Утоли моя печали (Васильев) - страница 167

— Проснулась, — сказала горничная, выйдя из спальни и тщательно прикрыв за собою дверь. — Я сказала о вас, Аверьян Леонидович.

— Она ждет?

— Она долго молчала, а потом говорит: «Если надо».

— Могу пройти к ней?

— Обождите. — Грапа помолчала. — Она может не отвечать, но все слышит, понимаете? Я к тому, чтоб терпенье у вас было. И не повторяйте сказанного, нервничать она начинает.

— Вы — замечательная сиделка, Грапа, — улыбнулся Беневоленский. — Остановите меня, если я ненароком не то брякну.

Горничная искренне обрадовалась:

— Дозволяете мне при разговоре вашем?

— Без вас ничего у меня не выйдет, — серьезно сказал Беневоленский. — Ну что, с Богом?

Грапа кивнула и молча перекрестилась.

Наденька лежала, привычно прикрыв глаза.

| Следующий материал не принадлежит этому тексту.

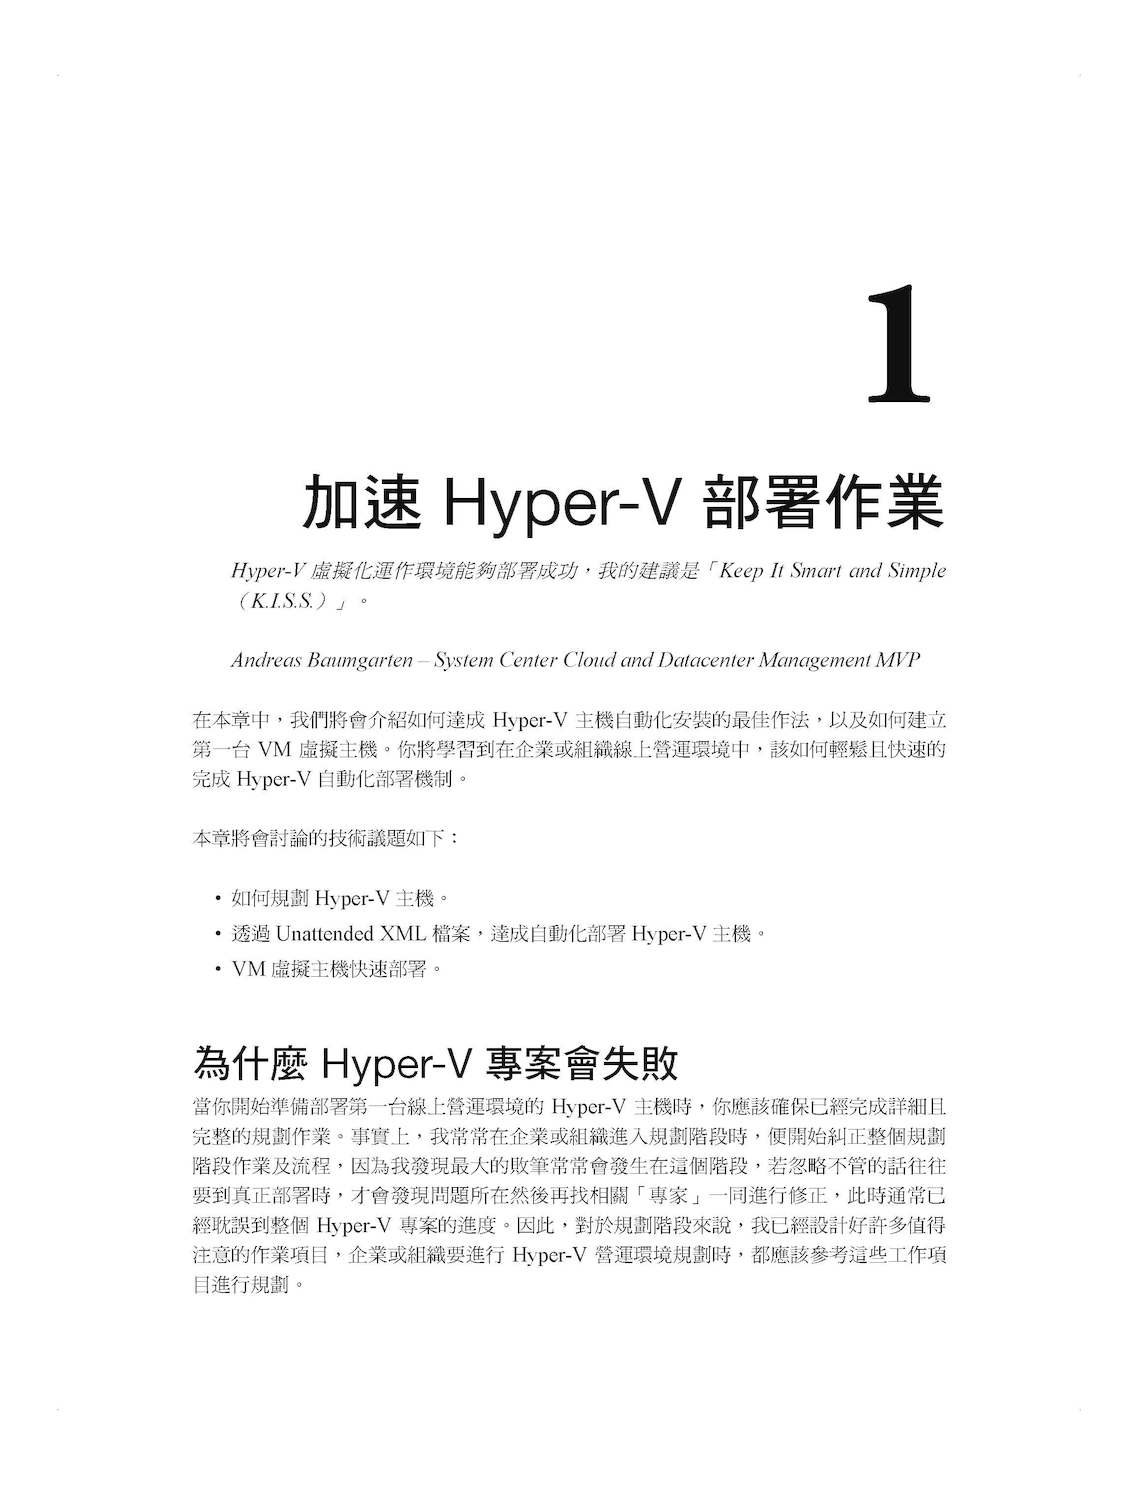 Hyper-V 最佳實踐:快速建置虛擬化解決方案 (Hyper-V Best Practices)-preview-1

И в ответ на приветствие Аверьяна Леонидовича не открыла их, но губы ее чуть заметно дрогнули. «Хорошо бы ей глазки открыть», — подумал он, садясь у ног.

— А Машино колечко опять со мною срослось. — Он повертел ладонью единственной правой руки. — Будто и не снимали мы его для ваших крещенских гаданий.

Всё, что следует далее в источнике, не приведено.